Папаша Горио печально глянул на дело рук своих, из глаз его потекли слезы, он задул витую свечечку, при свете которой плющил серебро, и Растиньяк услышал, как он, вздохнув, улегся спать.
«Это сумасшедший», – подумал студент.
– Бедное дитя! – громко произнес папаша Горио.
После таких слов Эжен решил, что лучше помолчать об этом происшествии и не осуждать столь опрометчиво соседа. Студент хотел было уйти к себе, но вдруг он услышал еле уловимое шуршанье, – как если бы по лестнице поднимались люди, обутые в мягкие покромчатые туфли. Эжен напряг слух и тогда в самом деле отчетливо различил дыхание каких-то двух людей. Не услыхав ни скрипа двери, ни людских шагов, он сразу увидел слабый свет на третьем этаже, в комнате Вотрена.
«Вот сколько тайн в семейном пансионе!» – произнес он про себя.
Спустившись на несколько ступенек, он прислушался, и до его уха долетел звон золота. Вскоре свет погас, и хотя дверь опять не скрипнула, снова послышалось дыхание двух человек. Затем, по мере того как оба они спускались с лестницы, звук, удаляясь, замирал.
– Кто там ходит? – крикнула г-жа Воке, раскрыв свое окно.
– Это я, мамаша Воке, иду к себе, – ответил тихим басом Вотрен.
«Странно! Ведь Кристоф запер на засов, – недоумевал Эжен, входя к себе в комнату. – В Париже, чтобы хорошо знать все, что творится вокруг, не следует спать по ночам».

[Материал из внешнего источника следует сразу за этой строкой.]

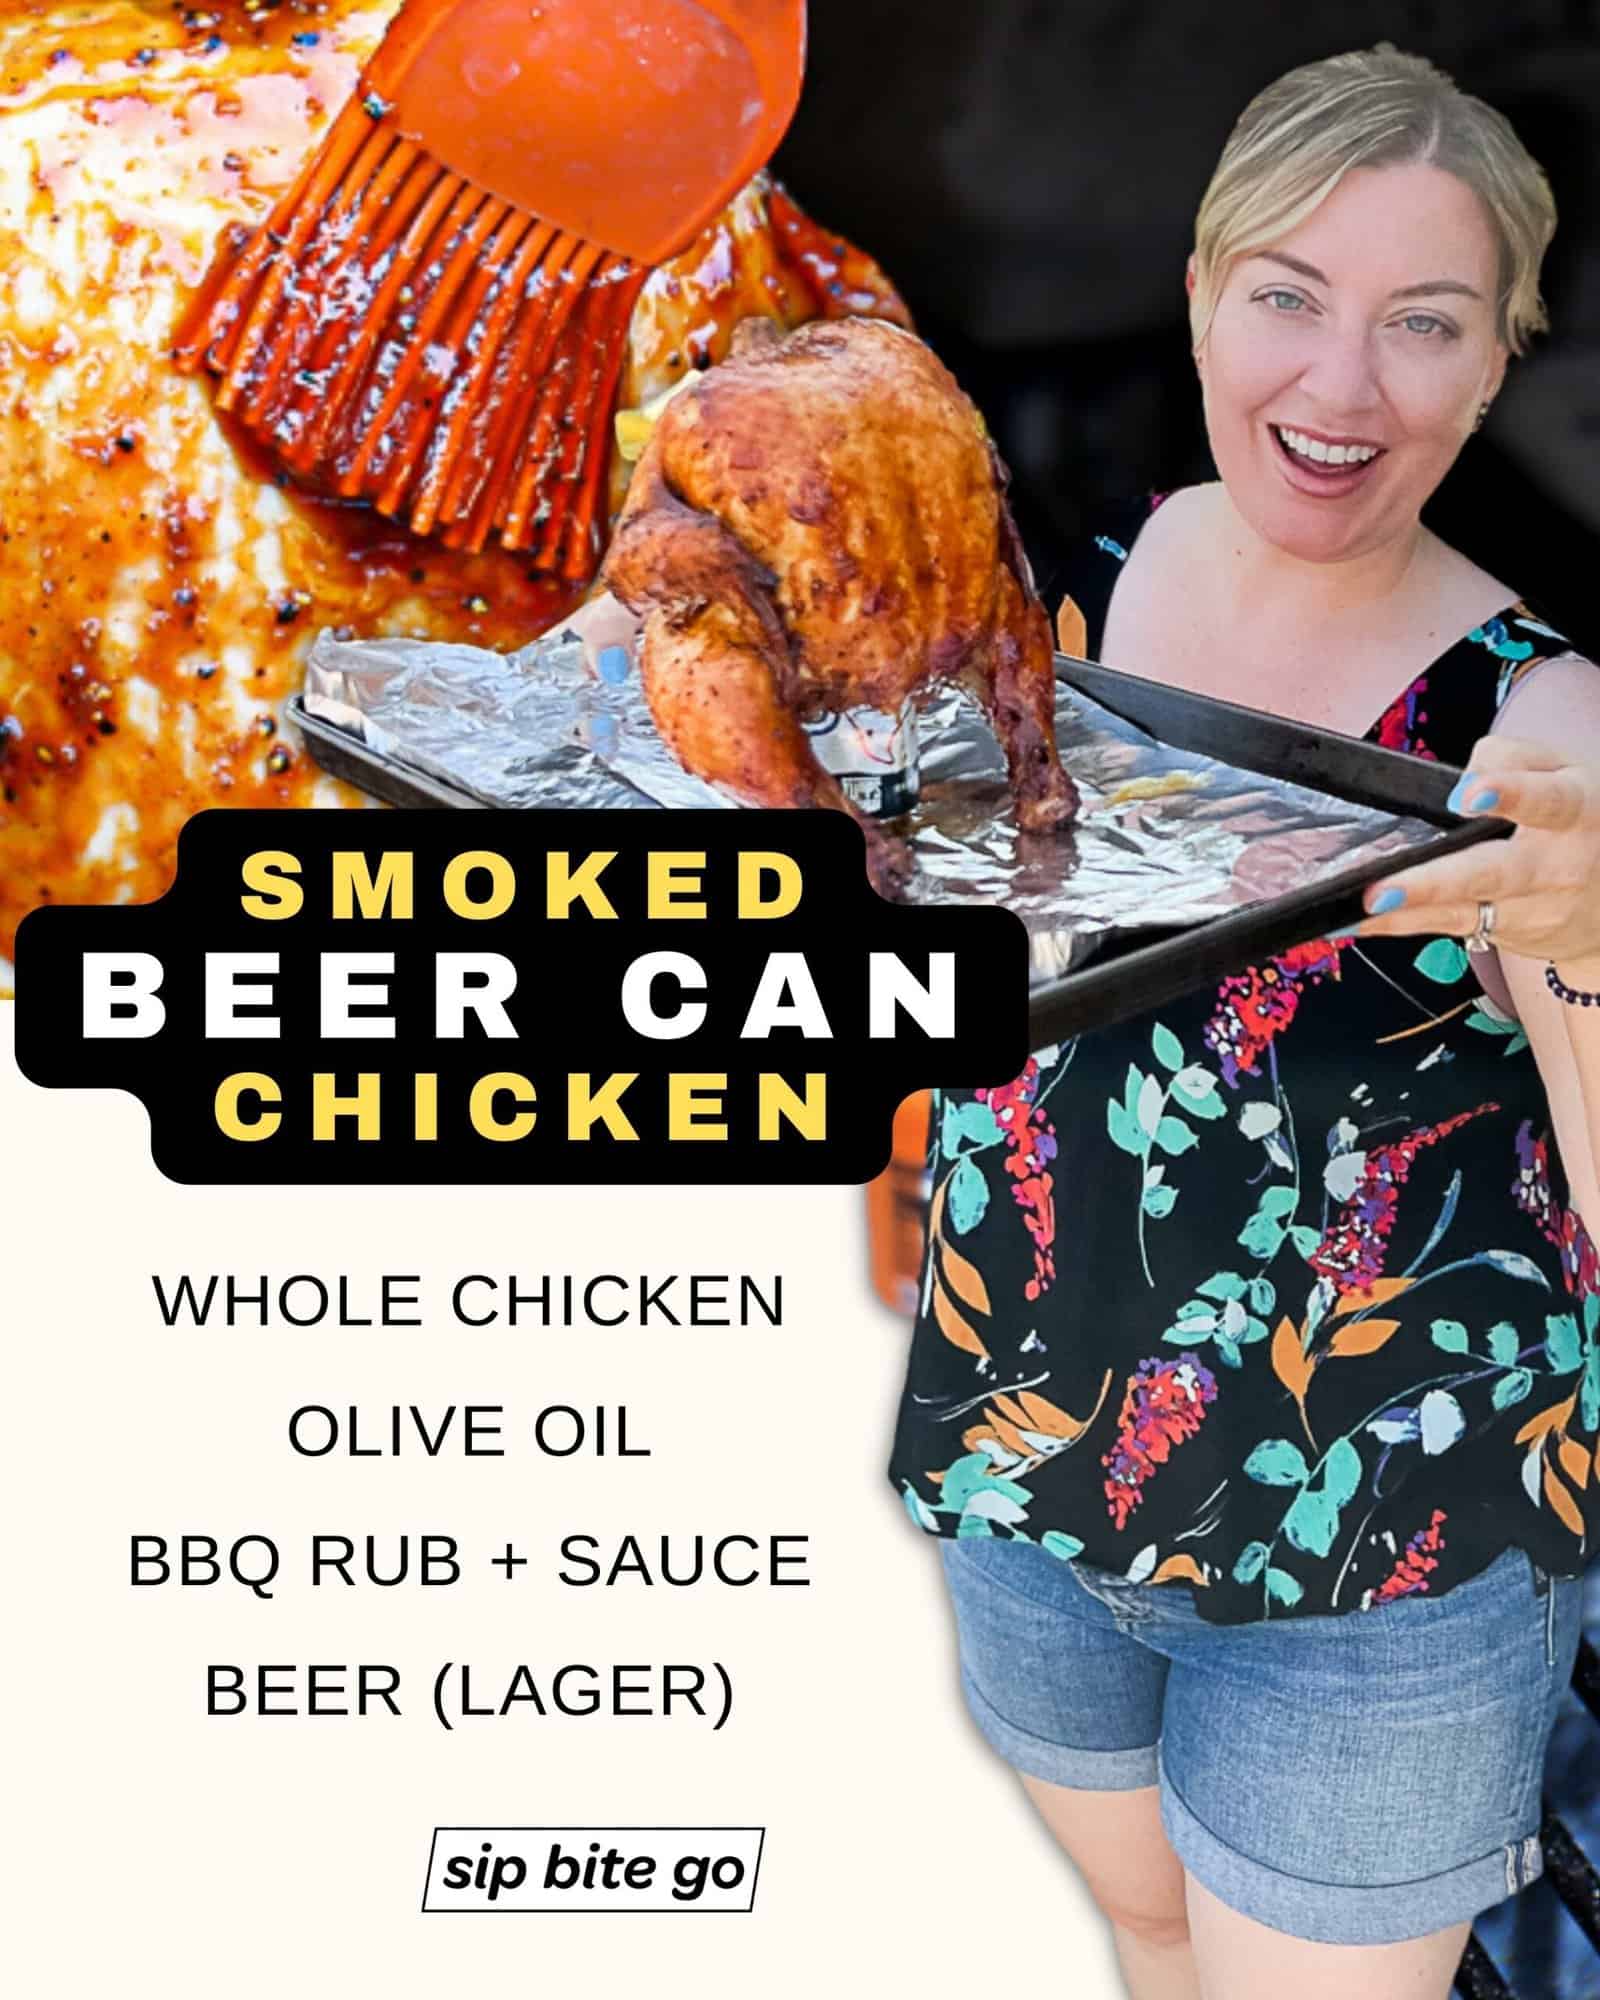 Infographic with recipe ingredient list for smoking beer can chicken on Traeger Pellet Grills

Два этих небольших события отвлекли его от честолюбиво-любовного раздумья, и он уселся за работу. Однако внимание студента рассеивалось подозрениями насчет папаши Горио, а еще больше – образом графини де Ресто, ежеминутно возникавшей перед ним как вестница его блестящего предназначенья; в конце концов он лег в постель и заснул сразу как убитый. Когда юноши решают посвятить всю ночь труду, они в семи случаях из десяти предаются сну. Чтобы не спать ночами, надо быть старше двадцати лет.
На следующее утро в Париже стоял тот густой туман, который так все закутывает, заволакивает, что даже самые точные люди ошибаются во времени. Деловые встречи расстраиваются. Бьет полдень, а кажется, что только восемь часов утра. В половине десятого г-жа Воке еще не поднималась с постели. Кристоф и толстуха Сильвия, тоже с опозданием, мирно попивали кофе со сливками, снятыми с молока, купленного для жильцов и подвергнутого Сильвией длительному кипячению, чтобы г-жа Воке не заметила такого незаконного побора.

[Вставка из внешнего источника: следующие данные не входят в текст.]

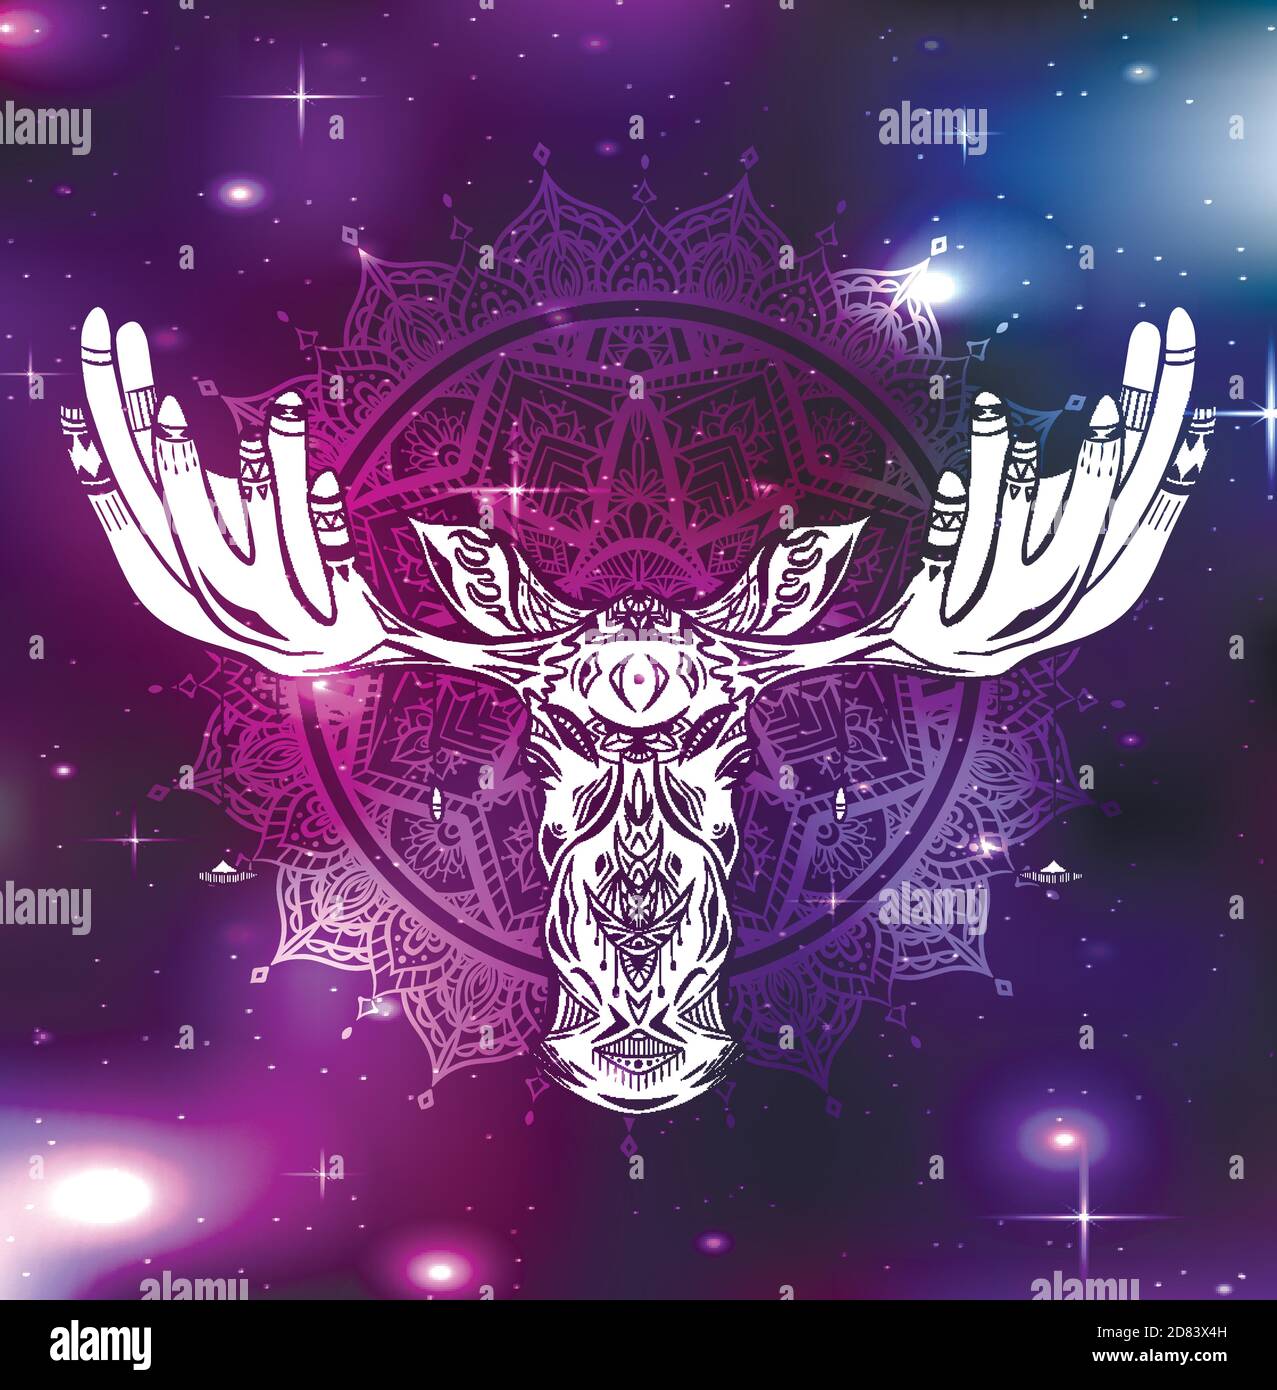 Contour native illustration of a moose head with ethnic decoration and bead on horns on mandala space background. Boho vector illustration in universe Stock Vector

– Сильвия, – обратился к ней Кристоф, макая в кофе первый свой гренок, – что там ни говори, а господин Вотрен человек хороший. Нынче ночью к нему опять приходили двое; ежели хозяйка станет справляться, ей ничего не надо говорить.
– А он дал что-нибудь тебе?
– Сто су за один месяц, – оно, значит, вроде как «помалкивай».
– Он да госпожа Кутюр одни не жмутся, а прочие так и норовят левой рукой взять обратно, что дают правой на Новый год, – сказала Сильвия.
– Да и дают-то что?! – заметил Кристоф. – Каких-нибудь сто су. Вот уже два года, как папаша Горио сам чистит себе башмаки. А этот скаред Пуаре обходится без ваксы; да он ее скорее вылижет, чем станет чистить ею свои шлепанцы. Что же до этого щуплого студента, так он дает мне сорок су. А мне дороже стоят одни щетки, да вдобавок он сам торгует своим старым платьем. Ну и трущоба!
– Это еще что! – ответила Сильвия, попивая маленькими глотками кофе. – Наше место как-никак лучшее в квартале; жить можно. А вот что, Кристоф… я опять насчет почтенного дядюшки Вотрена – с тобой ни о чем не говорили?